Hence, the notebook was sold with a FreeBSD-compatible card.  Is Atheros 5424
the card model or the chipset?  I've found this card:

http://www.ebay.co.uk/itm/New-IBM-A...Computing_NetworkCards_RL&hash=item3f175ecb5b

Is it the card I should buy?  The ad says it is only for Thinkpads...  Does that
matter when the model is the same and it is a mini-PCI card?

Anyway, I'm from the UK.  If you can recommend another wireless from another
seller, I'll have a look.

Thanks.


----------



## lele (Sep 10, 2012)

Apparently, the card I should get is the Atheros AR9280, which is supported in
FreeBSD 9-CURRENT:

"3.5 Wireless Network Interfaces

[...]

[i386,pc98,amd64,sparc64] The ath(4) driver supports all Atheros Cardbus and PCI
cards, except those that are based on the AR5005VL chipset."

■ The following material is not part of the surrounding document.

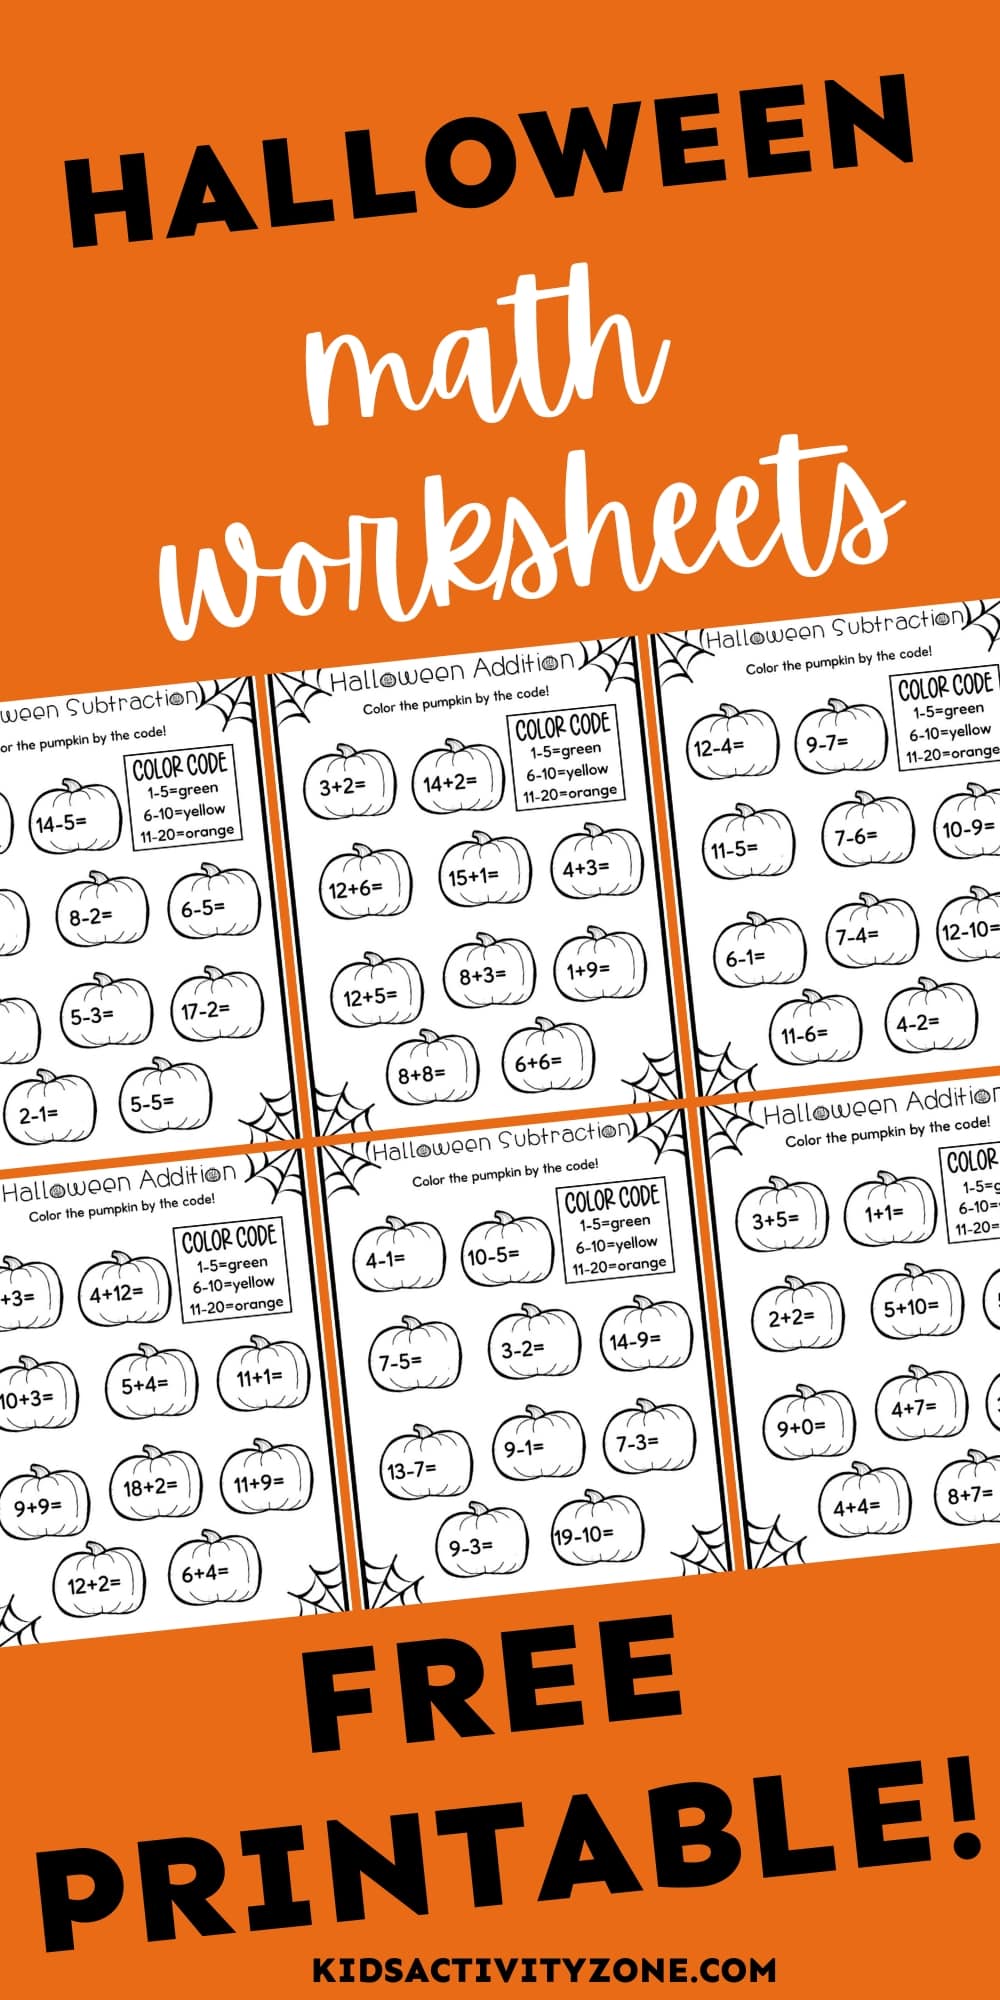 Free Printable Halloween Math Worksheets that are perfect for kindergarteners and preschoolers. Plus, there are keys included for them! For even more fun color your pumpkins with the color code. Grab these fun free Halloween worksheets to practice math with your children or in the classroom.

See: http://www.freebsd.org/relnotes/CURRENT/hardware/support.html#WLAN


----------



## wblock@ (Sep 10, 2012)

Yes, I have tested an AR9280 with FreeBSD.  Be careful, there are full and half-sized cards, and differing number of antenna connectors, two versus three.  This card was recycled from a Macbook, and has FCC ID PPD-AR5BXB72P.


----------



## lele (Sep 16, 2012)

I realized that replacing the internal wireless card would have required disassembling the netbook, and risking to break things, therefore I went for a supported USB wireless dongle, a Belkin F5D7050 version 3 (FCC ID: K7S-F5D7050B).

EDIT: Now, if I only managed to find a supported smaller dongle...  Anyway, this could be the easiest solution for people who discover that the internal cards of their netbooks are not supported.


----------